Without any warning, that was the shocking thing, without the slightest apprehension of danger or unease on his part, and he normally so finely attuned to hazard.

Unless . . .

Unless he had, after all, as he had turned into Mortimer Street, seen a figure lurking in the shadows on the opposite side of the road, seen it half emerge from a passageway, still in shadow, a large, looming, but possibly, very possibly, womanly figure . . .

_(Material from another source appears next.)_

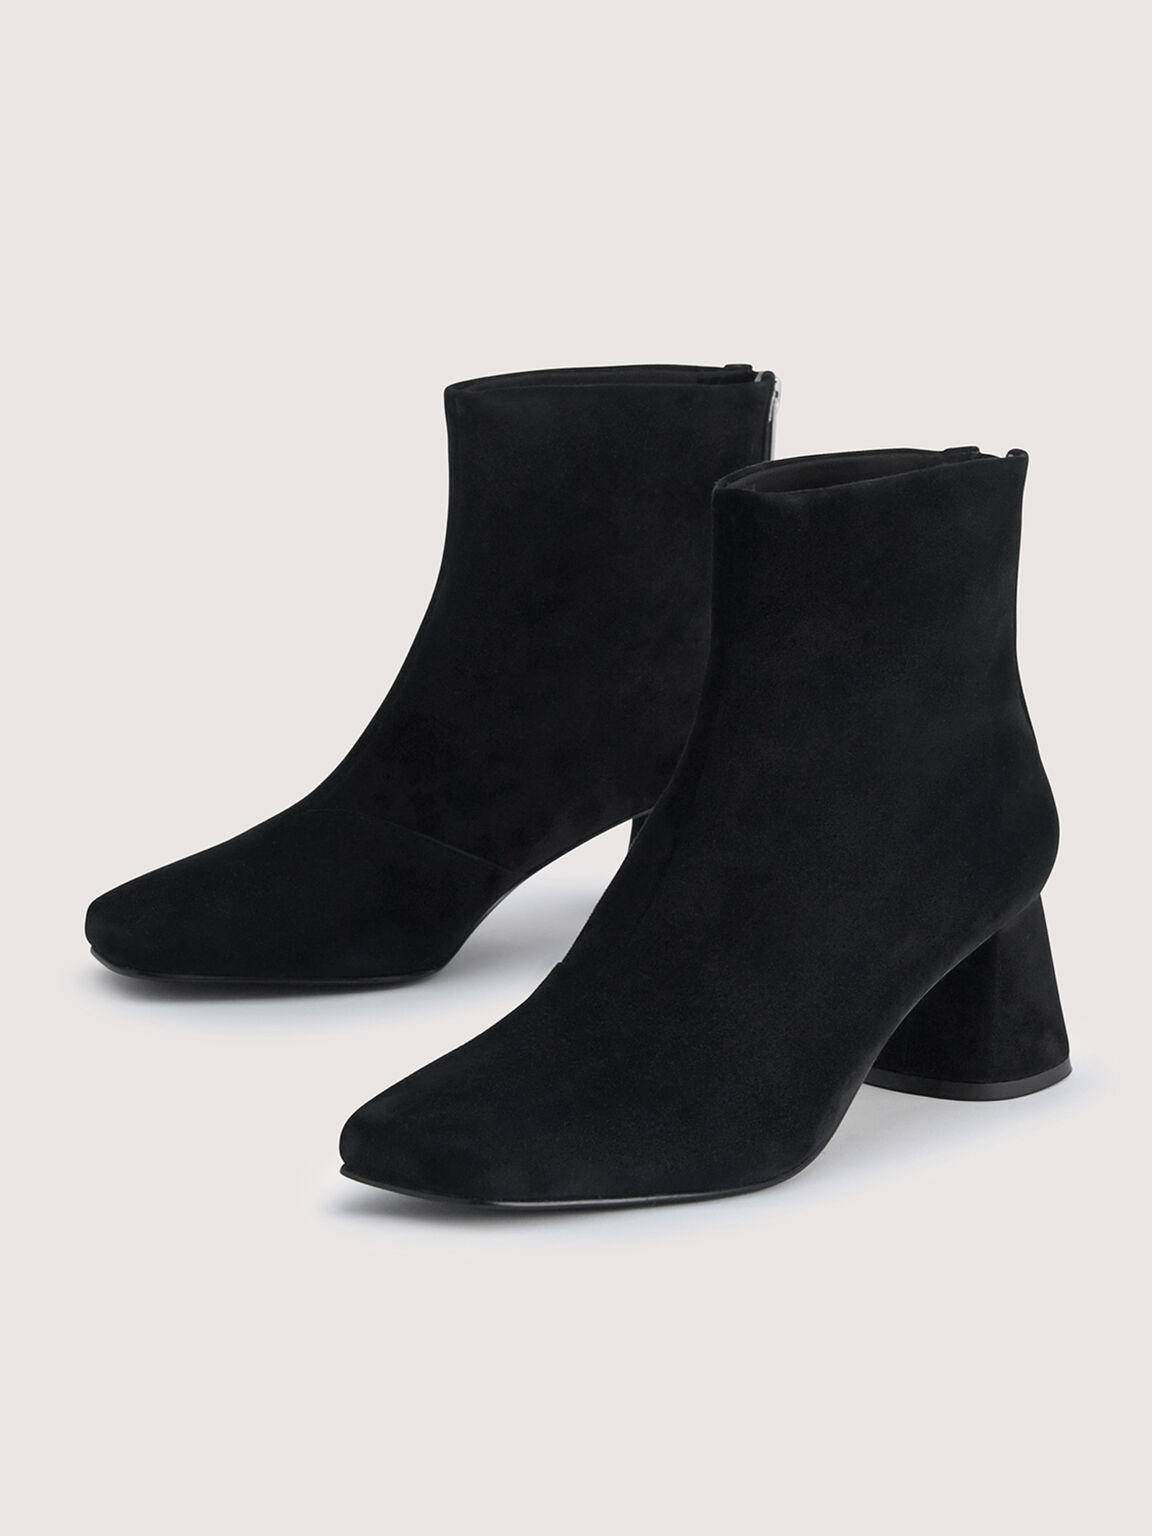 Suede Ankle Boots, Black, hi-res

In which case – the question was conditional: if he
had
seen him, it, her – why had he not minded himself more, why had he turned to Guivier’s window, presenting his defencelesss neck to whatever harm anyone, man or woman, might choose to do him . . .

Culpability.

Culpability again.

 

But did it matter what he’d seen or hadn’t seen?

For some reason it did. If he’d seen her and invited her to attack him – or at least
permitted
her to attack him – that surely explained, or part explained, what she had said. He knew it was not morally or intellectually acceptable to accuse Jews of inviting their own destruction, but was there a proneness to disaster in these people which the woman had recognised? Had he, in other words, played the Finkler?

And if he had,
why
had he?

One question always led to another with Treslove. Let’s say he had played the Finkler, and let’s say the woman had observed it – did that justify her attacking him?

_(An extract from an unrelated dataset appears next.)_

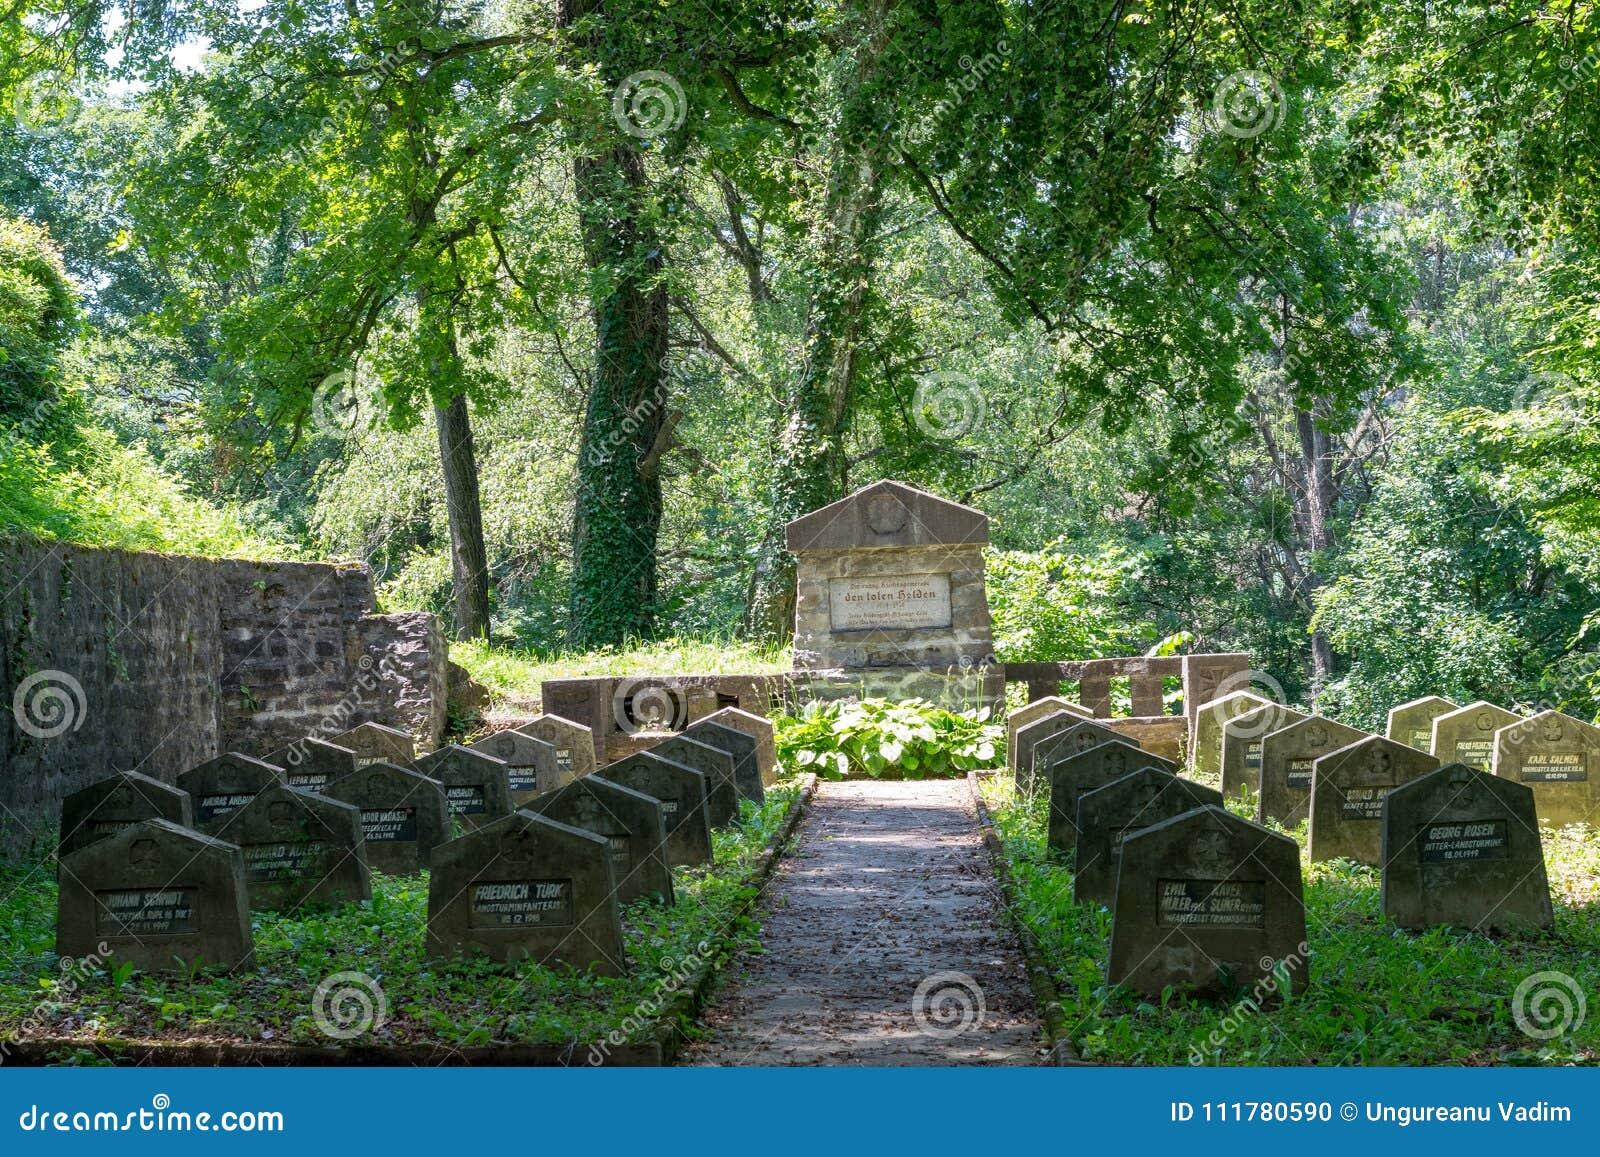 SIGHISOARA, RUMÄNIEN - 1. JULI 2016: WWI-Kirchhof, nahe dem sächsischen Kirchhof, gelegen nahe bei der Kirche auf dem Hügel in Si

Whatever explanation could be found for his actions, what pos-sible explanation could be found for hers? Was a man no longer free to play the Finkler when the fancy took him? Let’s say he had been standing staring into the window of J. P. Guivier looking like Horowitz, or Mahler, or Shylock, say, or Fagin, or Billy Crystal, or David Schwimmer, or Jerry Seinfeld, or Jerry Springer, or Ben Stiller, or David Duchovny, or Kevin Kline, or Jeff Goldblum, or Woody Allen, or Groucho Fucking Marx, was that any reason for her to attack him?

Was being a Finkler an open invitation to assault?

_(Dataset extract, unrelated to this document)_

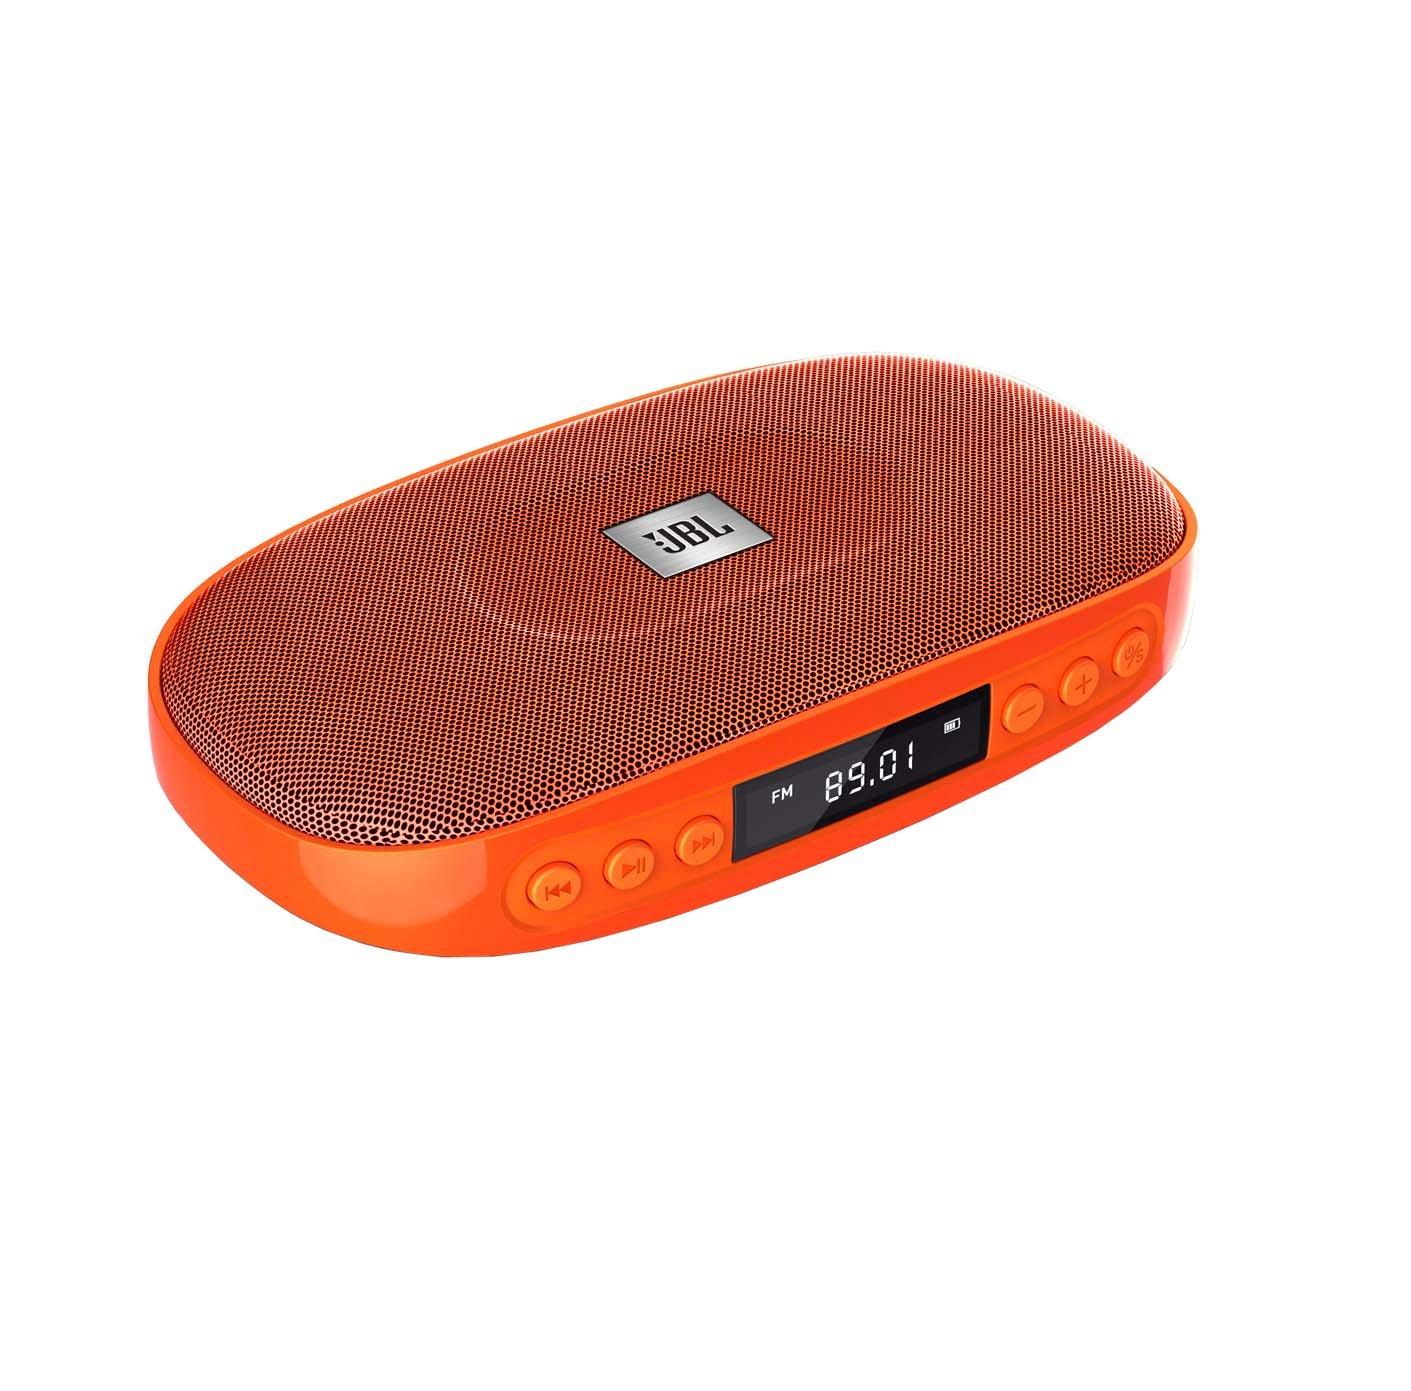 JBL Tune (ORANGE) Wireless Bluetooth Speaker

So far he had taken it personally – you do when someone calls you by your name, or something very like, and gets you to empty your pockets – but what if this was a random anti-Semitic attack that just happened to have gone wrong only in the sense that he wasn’t a Semite? How many more of these incidents were taking place? How many real Finklers were being attacked in the streets of the capital every night? Round the corner from the BBC, for Christ’s sake!

He wondered who to ask. Finkler himself was not the man to tell him. And he didn’t want to frighten Libor by asking him how many Jews got beaten up outside his door most evenings. Not expecting to find anything post-thirteenth-century Chelmno, he looked up ‘Anti-Semitic Incidents’ on the internet and was surprised to find upwards of a hundred pages. Not all of them round the corner from the BBC, it was true, but still far more in parts of the world that called themselves civilised than he would ever have imagined. One well-maintained site gave him the option to choose by country. He started from far away –

venezuela
:

And read that in Caracas about 15 armed men had tied up a security guard and forced their way into a synagogue, defacing its administrative offices with anti-Semitic graffiti and throwing Torah scrolls to the ground in a rampage that lasted nearly five hours. Graffiti left at the scene included the phrases ‘Damn the Jews’, ‘Jews out’, ‘Israeli assassins’ and a picture of a devil.

The devil detail intrigued him. It meant that these fifteen men had not gone out on the razzle, found themselves outside a synagogue and forced their way in on a whim. For who goes out on a razzle with a picture of the devil in his pocket?

argentina
:

And read that in Buenos Aires a crowd celebrating Israel’s anniversary was attacked by a gang of youths armed with clubs and knives. Three weeks earlier, on Holocaust Memorial Day – here we go, Holocaust, Holocaust – an ancient Jewish cemetery was defaced with swastikas.